We need the raw, passionate masculine to turn his attention to the Earth. He needs to know it’s okay to be angry and pissed off —  and that this is also loving. He needs to know it’s even more important to be sad and to grieve, to let his heart break open. This way he becomes attuned to beauty, finds his truer care for the things that really matter, which then fuel and renew his love and passion to protect what he loves even more. This way, the Yin and Yang of anger and grief feed and balance one another, so that neither gets the better of the other. This is inner sustainability. This is a cure for our world, where perverted Yang has overtaken wise Yin and is drying up nourishment, the Sacred Feminine.

Yet, just because women are considered Yin doesn’t mean they are immune to perverse Yang, or wrong action. Women, collectively, are simply more Yin than Yang, while men are generally more Yang than Yin. Yet we each finally are a human being and must tend to, be mindful of, and put into action the proper recipe of Yin and Yang to become the right sort of love medicine for our times.

With a dearth of men (and some women too) standing up for what’s right and instead leading the way to more wrong, our women (and some men) have worked overtime doing right. Let’s give the women a break, men, by stepping into our role as tender yet fierce leaders and defenders, which is our inherent nature. And to the women who fit the recipe for this modern-day Yin-Yang imbalance, this message is for you too. You also possess this fierce leadership and protectorship, though it generally plays a lesser role in the female psyche (but not always). While a women’s primary job is to tend to beauty and foster fertility; a man’s primary job is to protect these more vulnerable qualities, which is a different form of beautiful to ensure the balance of life and the fecundity of the biosphere.

Being Enough

We are at a bizarre crossroads in human history where technology has allowed a few to overtake the whole. This comes in the form of corporations overtaking and dismantling what the average person loves. They are not unlike the Roman Empire or Nazi Germany whose goal was to eradicate anything that did not fit their agenda. Big Pharma wants everyone on medication; they lobby for the creation of new (and non-existent) diseases in the DSM-5 in order to sell new (unnecessary) drug inventions. Monsanto and other Biotech corporations want GMO food to be the norm and to control seed distribution, which has always been a basic human right and survival need as original as planting food. Big Oil fights against the implementation of sustainable technologies that could keep oil in the ground, where it belongs, and make huge strides towards reducing carbon pollution that is fueling climate change instead of conscious change.

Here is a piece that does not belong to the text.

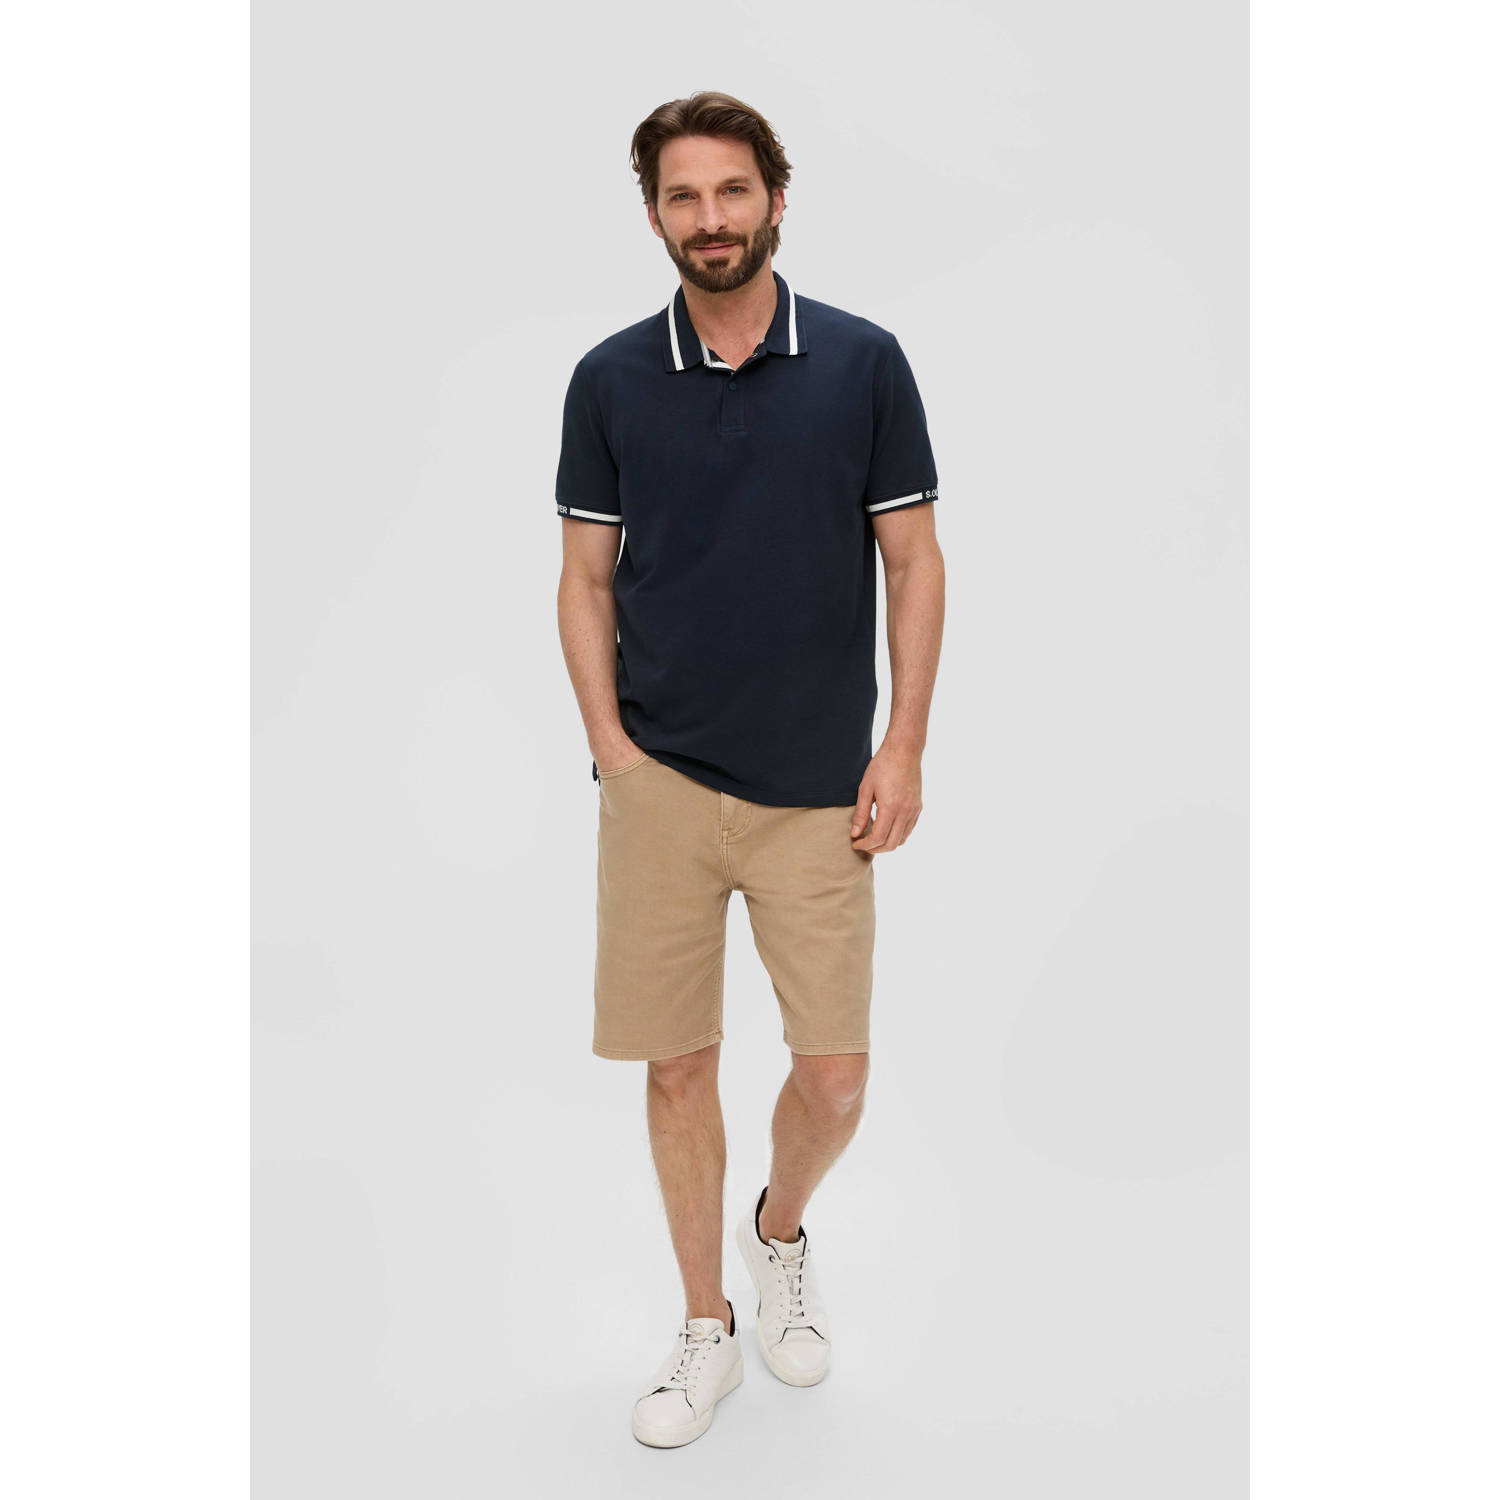 s.Oliver polo donkerblauw wit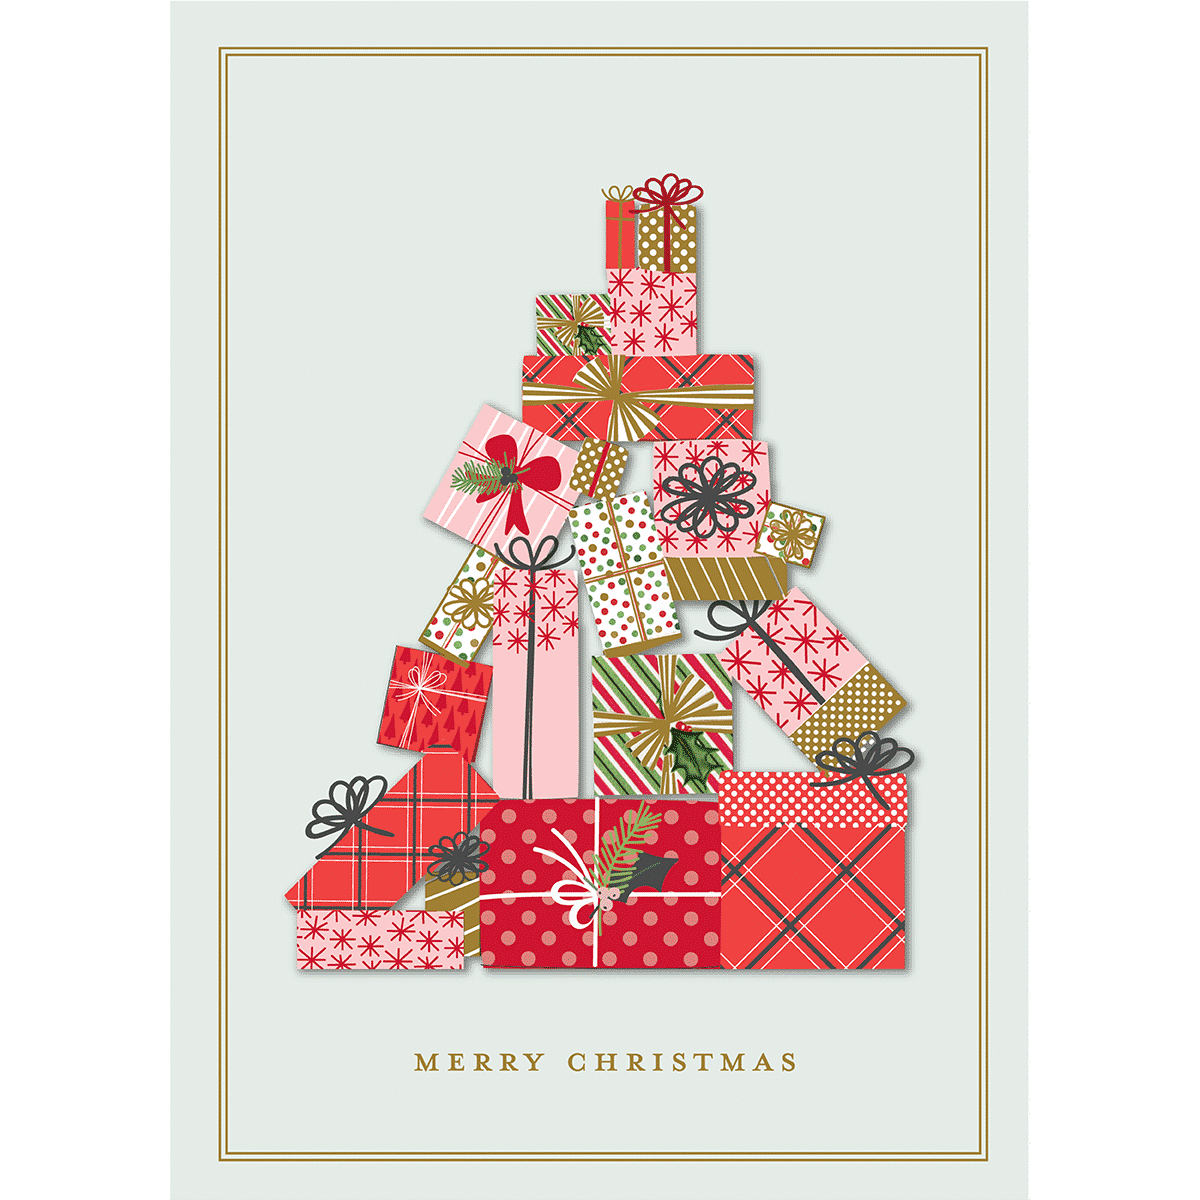 5 x 7 Holiday Greeting Cards w/ Imprinted Envelopes - Red Holiday

Evil, disease, and toxicity that disarm basic human integrity must be directly confronted and fought against. I think we all know this in our guts, but it seems we don’t want to be inconvenienced or challenged out of our comfort zone, so we justify not getting active, thinking that “love” — as that blissful, heart-opening feeling — is enough. Feel-good love is great, we need it, but we can’t wallow in it to the point that we stop acting while others are deprived of it. We need everyone to step up with fierce love, especially our men.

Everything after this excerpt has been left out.